MOST PHOTOS - CASE STUDY

Mostphotos is a fast-growing stock photography marketplace that receives thousands of new user-uploaded photos every day. In order to connect clients with the images they’re looking for, Mostphotos had to find a way to consistently tag all these photos and make them easily searchable in their constantly growing 17 million images data bank.

CHALLENGES AND SOLUTIONS

INCONSISTENT
TAGGING

furry golden cute face mammal

Because most of MP’s photos come from individual photographers, the tags and metadata attached are often inconsistent. For example, an image of a dog might be tagged “dog” or it might be tagged “cute furry tailed barker” or even “cat”. They needed a solution that could “see” each image and apply the appropriate tags in an accurate and consistent way. Inconsistent tags not only affected the overall accuracy of the search but also made filtering and flagging inappropriate content based on keywords difficult.

Image Rank solves this using a keyword relevancy scoring model which is based on word vector model. This could be used to find the distance between any two words in the model, in other words, word-similarity and contextual relationships.

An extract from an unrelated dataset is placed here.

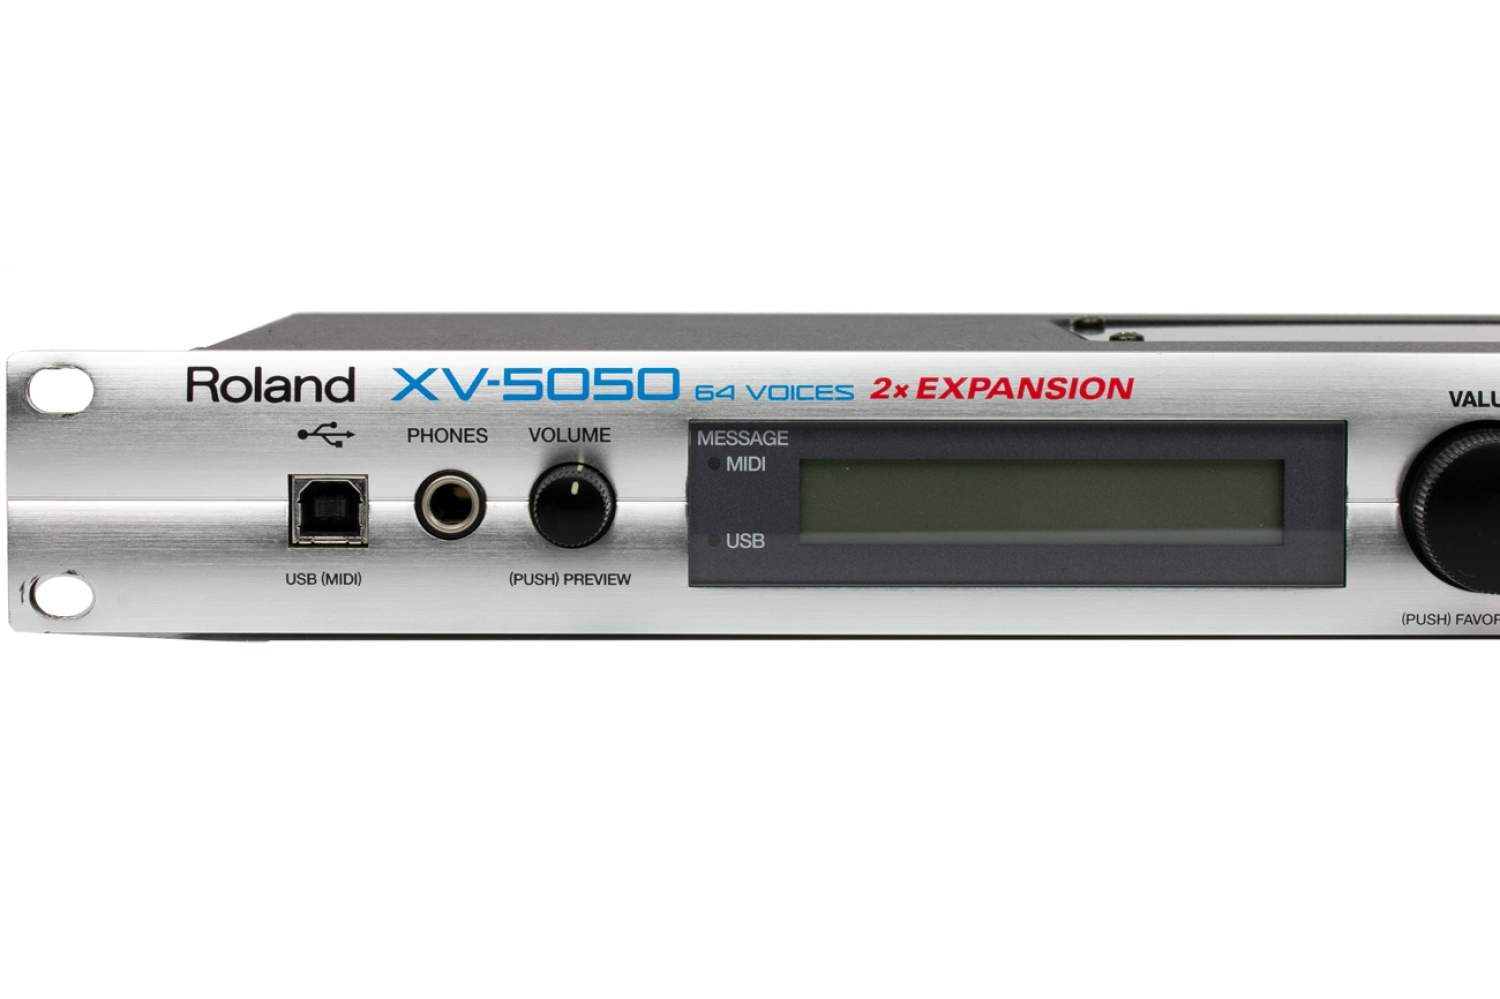 Roland XV-5050 Synthesizer gebraucht kaufen mit Garantie

Image Rank also features Image Captioning which can automatically tag or recommend tags for an image. This effectively reduces the errors caused by inconsistent tags and improves search accuracy.
Additionally, image Rank also features an Image Classifier used to flag inappropriate content or recommend images based on user preferences.

HIGHLY
DYNAMIC

MP has a constantly expanding highly dynamic content with a growing user base. This means that there are thousands of new images from new photographers that needs to be ranked high fast enough, for them to make a sale. Also, the images higher in the rank should be rescored periodically to make sure the content stays fresh and relevant based on current trends and season.

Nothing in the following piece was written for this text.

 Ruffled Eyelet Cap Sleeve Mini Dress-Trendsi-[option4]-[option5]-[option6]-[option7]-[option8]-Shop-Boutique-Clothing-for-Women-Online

Image Rank uses a multitude of machine learning algorithms to learn the trends of images from their various features such as age, views, sales, etc. Image Rank keeps track of a photographer’s past sales and uploads, which is used to score their future content. New users get a boost for their images which again The platform also uses the feedback from users in various forms such as search impressions, manual votes, reports of irrelevant images to constantly make the search better.

VALUE
EXTRACTION

MP is a marketplace so it serves both the photographers and the buyers. This model is based on how effectively a user finds the image she is looking for through our search. Image Rank uses various data points such as views, sales, contributor’s stats to estimate a quality score for an image. Additionally to capture the dynamics of the image, the rate of growth in views, sales and search impressions also play an important role and as a feedback in estimating the score of an image.

Image Rank’s word embedding based keyword relevancy scoring model ensures the search results always feature the most relevant images to the user’s search terms.

There is a manual vote system where the admins/ moderators can up-vote or down-vote image or a collection of images. In addition to facilitating the moderators to control the ranks of the image this way, they can also train Image rank system to find new patterns in the voted images and a new trend can be learned.

HIGH
VOLUME

The sheer size of highly dynamic MP’s Image bank makes it difficult to process, score, rescore and rank images. Adding to this complexity, MP also operates in all of Scandinavia, hence the keyword scoring model processes keywords in 5 Languages.

Image Rank uses a method for prioritizing the scoring of images based on their activity or search impressions. There is also an applied tradeoff in prioritizing between the frequency of rescoring older images and scoring new images.

OBSOLETE SYSTEM
-LIMITED DOCUMENTATION

MP’s old scoring system was obsolete with no updates in their scores for its images and taking longer to score new images. This was mainly because the system is not compute optimized, not scalable and was built at a time when the size of the image bank was fairly small. The system was also lacking documentation and most of the scoring logic was like a black box which was difficult to tweak, maintain or develop new enhancements to cater to the growing needs of the site.